Tag: Snow White illustration art

All about Snow White: From the Brothers Grimm to Disney Live Action

This week, Disney confirmed to CNN that Rachel Zegler is, indeed, the newest live action Disney princess. She’ll be starring in the upcoming live action remake of Disney’s first full length animated feature Snow White and the Seven Dwarfs, released in 1937. Zegler will no doubt be a household name after Steven Spielberg’s West Side Story remake, in which she plays Maria, releases this later this year. She is also already signed on to Zachary Levi’s DC sequel Shazam: Fury of the Gods. Her singing videos on social media have already gleaned her millions of fans around the world. Here’s one where she proves she’s got the Disney princess vocal chops:

She’ll be an official part of Disney’s world with Snow White!

Directing and producing Snow White is Marc Webb. Webb, who is best known for 2012’s The Amazing Spider-Man 1 & 2 (these are the ones with Andrew Garfield and Emma Stone), has ample credentials filming musical performances. He’s the director behind nearly a hundred music videos from the early 2000s, for bands and musicians including Green Day, Fergie, My Chemical Romance, Miley Cyrus and Evanescence. More recently he has executive produced 11 TV shows, including the quirky musical comedy My Crazy Ex-Girlfriend, so he should be an expert at casting projects well! Writing the remake is Erin Cressida Wilson, a former professor at UC Santa Barbera, Brown and Duke. She wrote the adapted screenplays for Secretary and The Girl on the Train, both of which we can fairly assume (and even hope) are as far in tone and subject matter as you can get from what a Disney Snow White remake will offer.
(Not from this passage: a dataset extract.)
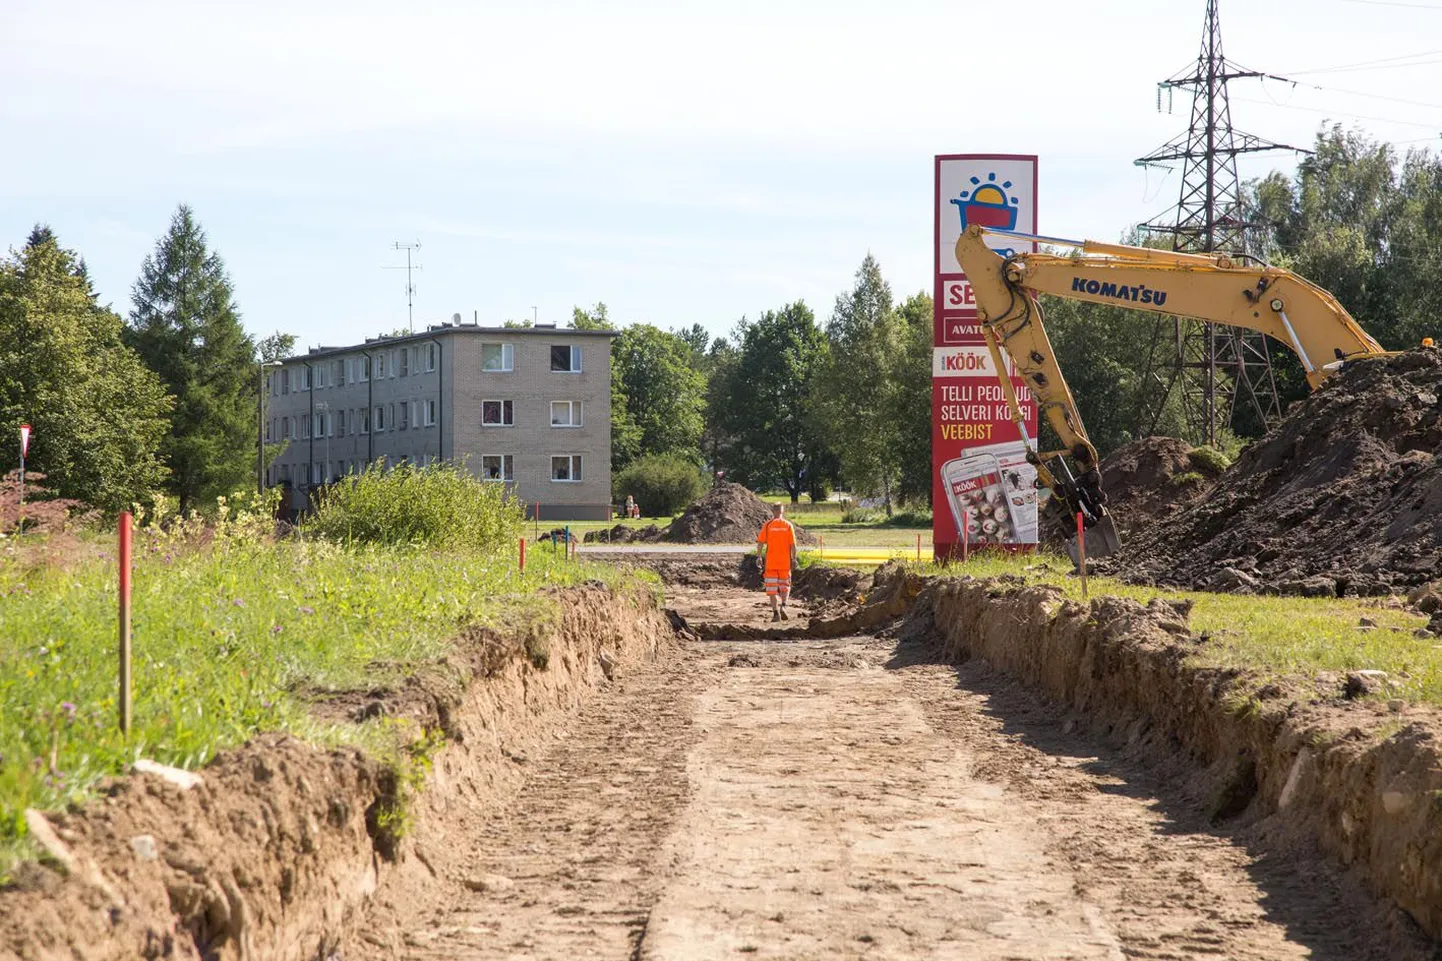 Paide Pärnu tänava kõnniteed ja Reopalu–Türi kergliiklusteed ühendama hakkava uue kergliiklustee ehitus käib täie hooga. Uus teelõik saab valmis septembris.

All this information about yet another live action version of a Disney classic makes me curious about the history of Snow White, beyond the 1937 Disney animated feature and first official version published by the Grimm brothers. Let’s tuck into a little history, and backstory of the girl we all know as ‘the fairest of them all’.

The Grimm brothers published her story 1812 as Tale 53 in Grimms’ Fairy Tales. Present in that first version were the Evil Queen, the seven dwarfs, a poison apple, a magic mirror, and the icky glass coffin. With only a few changes, the Grimm plot is surprisingly close to that of the Disney feature…

In the *2nd and best known version of the Grimm tale, a queen shallowly wishes for a daughter ‘with skin as white as snow (yikes..this explains why Nazis used the original story in teaching their master race theory to German children), lips as red as blood, and hair as black as ebony’, then promptly dies in childbirth. As is the custom in old fairy tales, the father picks his second wife very badly. *In the original version of the story, the cruel, evil mother was Snow White’s biological mother, but it is believed they changed that to make the story more palatable to kids…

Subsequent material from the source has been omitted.